Hier noch ein hübsches Zitat von der TomEE Seite: 


> In Apache TomEE's previous life, it was simply known as the OpenEJB+Tomcat integration. That description was always quite misleading. For one, there's incredible benefit even if EJB is never used.
> 
> Quite simply, EJB as a technology integrates with the most number of specs than any other spec. It touches JMS, Web Services, Connectors, Servlets (EJB Web Services are still driven by Servlets!), JPA, JDBC, Transactions, Security.
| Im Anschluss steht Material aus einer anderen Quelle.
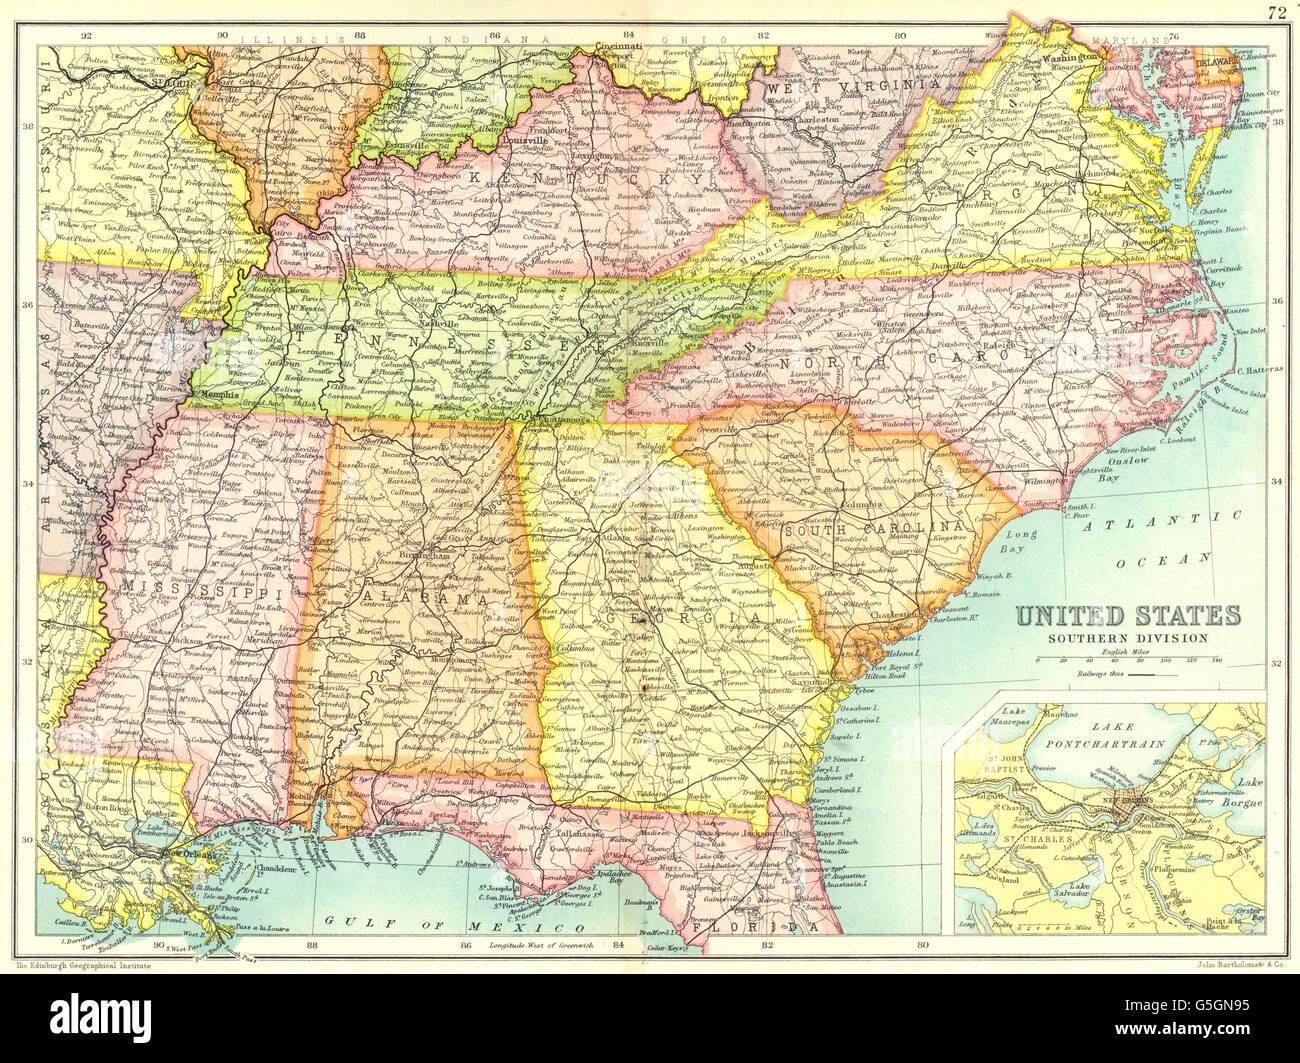 Sud Ost Usa Vereinigte Staaten Zeigen Eisenbahnen Inset New

Integrating with all these technologies takes time and expertise and in the end has very little to do with EJB specifically. To apply this all to Tomcat and leverage it all from a simple Servlet is a natural extension and the reason most app servers started out as EJB servers.
> 
> ...


----------



## TheCritter (10. Nov 2011)

Der Sinn ist der, dass die Anwendung auf einem Firmenserver laufen soll wo nur Tomcat installiert ist, dieser über das Autoupdate weiterhin upgedated werden soll und nicht noch ein Java Server darauf installiert werden soll. Wäre das für mich privat, so wäre ich da natürlich flexibler ;-)
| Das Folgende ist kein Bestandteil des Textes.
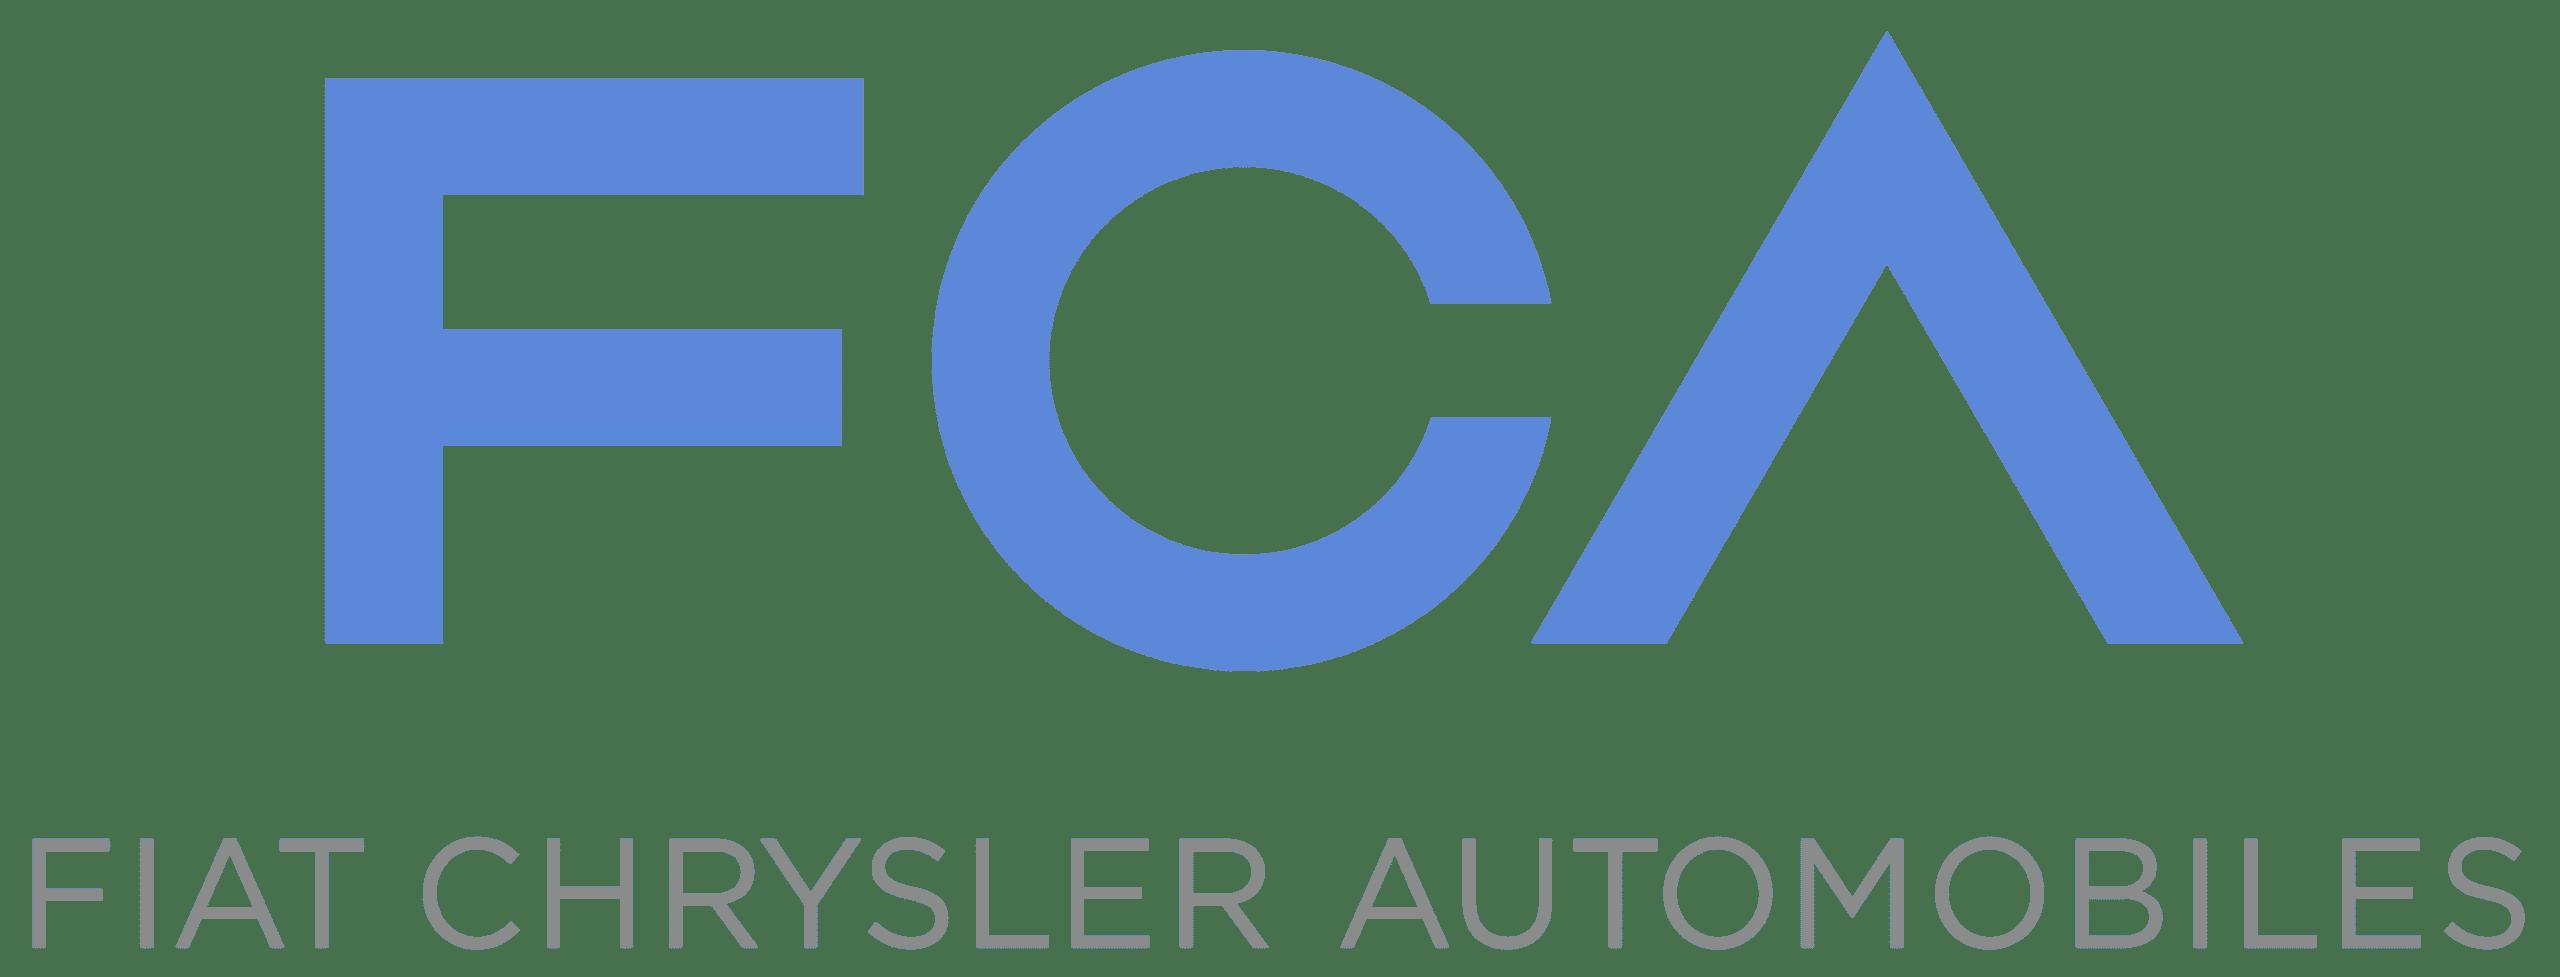 19-Logo_Fiat_Chrysler_Automobiles

Ok, danke für die Codezeilen. Ich probiere das mal so aus.


----------



## maki (10. Nov 2011)

TheCritter hat gesagt.:


> Du hast mich nicht ganz verstanden. Das ist ja das Problem dass ich keine Beispiele in der Richtung finde. Es gibt alle möglichen Kombinationen, aber nicht alle 3 vereint. Glaube mir, ich google schon seit Tagen nach so einen Beispiel. Wäre das so einfach, so hätte ich hier nicht geschrieben.


Ich habe dich sehr gut verstanden.
Glauben kann ich dir nicht, weil ich es besser weiss 

Example: Web Application (JSF) Using JPA
EclipseLink/Examples/JPA/JSF Tutorial - Eclipsepedia

Der Grund warum die meisten (aber eben nicht alle) JPA+JSF Tutorials auch EBJs (SessionBeans) oder Spring einsetzen, ist nunmal dass es einfacher ist JSF + JPA mit JEE oder Spring zu nutzen.
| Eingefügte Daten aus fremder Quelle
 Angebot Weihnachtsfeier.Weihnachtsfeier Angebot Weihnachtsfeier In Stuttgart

Wenn es also nur der Wald & Wiesen Tomcat sein darf, dann würde ich dir eben zusätzlich Spring oder OpenEJB empfehlen.


----------



## TheCritter (10. Nov 2011)

Ok danke, bei dem 2 Link ist einiger brauchbarer Code dabei. Ich werde erstmal testen.

Eegen Spring, ok ich hatte mich mal mit Seam beschäftigt. Das bekam ich aber auch nicht auf dem Tomcat zum laufen. Nur auf dem JBoss. Habe daher Seam erstmal auf die "Warteposition" gesetzt und will mich später damit beschäftigen.

Wie gesagt, ich probiere erstmal noch etwas herum und ggf muss ich doch die Verantworklichen überzeugen einen Application Server oder TomEE aufzusetzen.


----------



## TheCritter (10. Nov 2011)

Da es jetzt auch ohne OpenEJB funktioniert kann ich erstmal weiter arbeiten. Danke für die Tipps und ich schließe jetzt das Thema.


----------



## gman (10. Nov 2011)

Hi,

vielleicht noch als Ergänzung:

Wenn du Maven einsetzt könntest du mal das JSF-2.0-Artefakt von Apache MyFaces testen. Die
nutzen dabei alle Apache-Komponenten für die Entwicklung mit JSF und JPA. Das Artefakt
erzeugt eine einfache Beispielanwendung und läuft auf einem normalen Tomcat.

Group ID:      org.apache.myfaces.buildtools
Artifact ID:    myfaces-archetype-codi-jsf20


----------